Module3 : Etudier une tragédie moderne « Antigone » de Jean Anouilh.

Séquence 4 : Le coup de théâtre.

Niveau : 1ère année bac.

Activité : Etude de texte.

Compétence : Etudier le coup de théâtre d’une tragédie.

Capacités : Lire et comprendre un événement imprévu la tragédie « Antigone ».

Objectif : Saisir le drame de l’héroïne  Antigone .

Support : «Voilà Hémon. Laisse-nous, nourrice…  C’est fini pour Hémon, Antigone ».

  • Mise en situation

Que signifie l’expression coup de théâtre ?
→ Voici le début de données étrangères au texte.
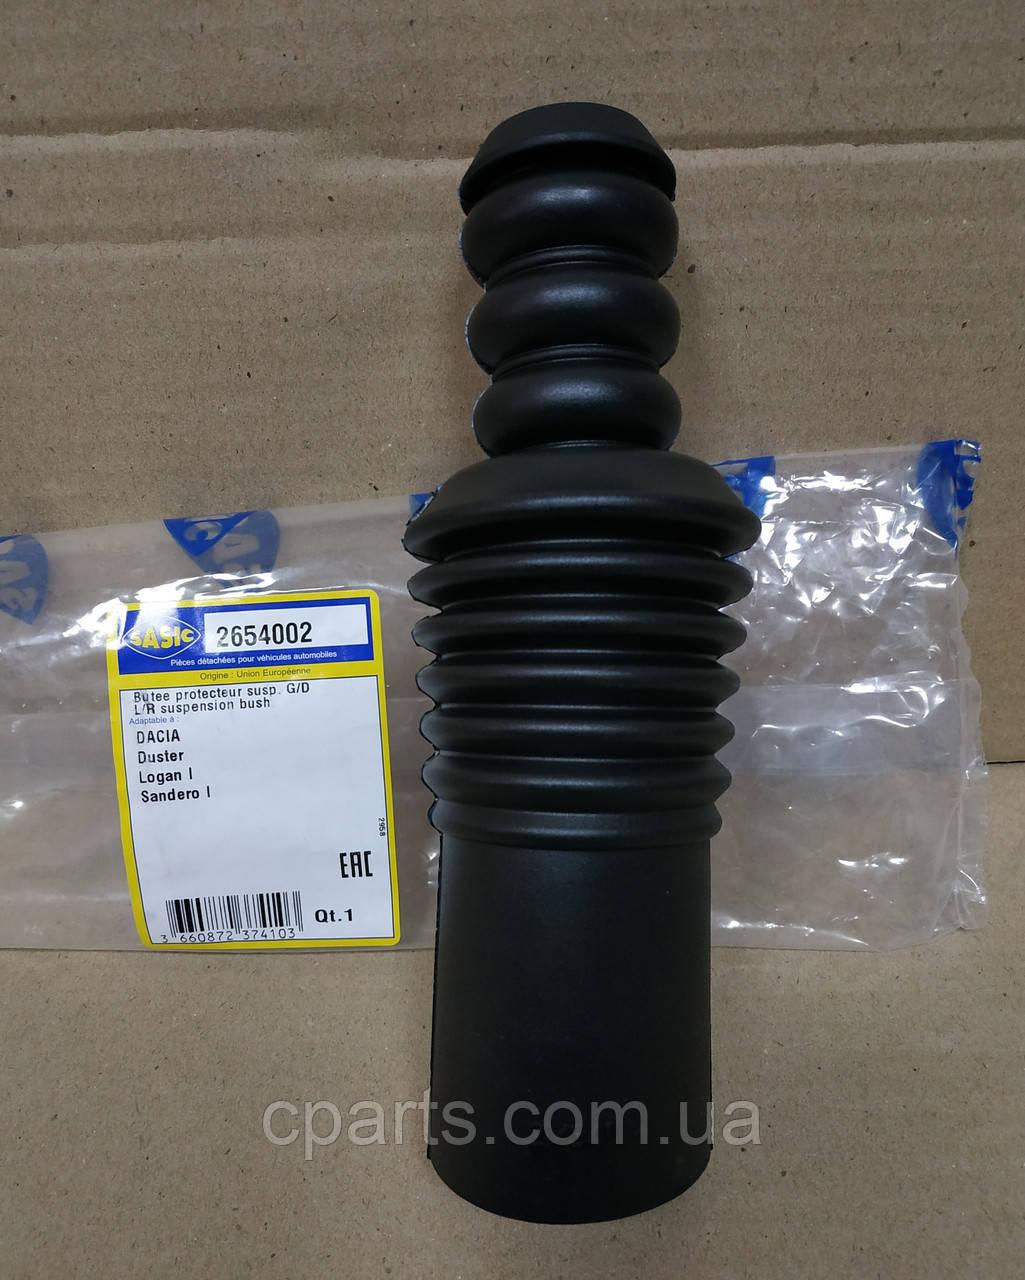 Пыльник амортизатора с отбойником Renault Sandero (Sasic 2654002)(высокое качество)

Tout d’abord, cette expression est justement employée au théâtre pour qualifier une action soudaine et inattendue dans une pièce de théâtre, et qui en relance l’intrigue. Cet effet a aussi pour but de susciter la curiosité et l’intérêt du public : lecteurs et spectateurs

Un coup de théâtre est un évènement qui survient de manière imprévue et brutale.

  • Texte

 

ANTIGONE : Non, nounou. (Hémon paraît). Voilà Hémon. Laisse-nous, nourrice. Et n’oublie pas ce que tu m’as juré.                      La nourrice sort.

ANTIGONE : (court à Hémon). Pardon, Hémon, pour notre dispute d’hier soir et pour tout. C’est moi qui avais tort. Je te prie de me pardonner.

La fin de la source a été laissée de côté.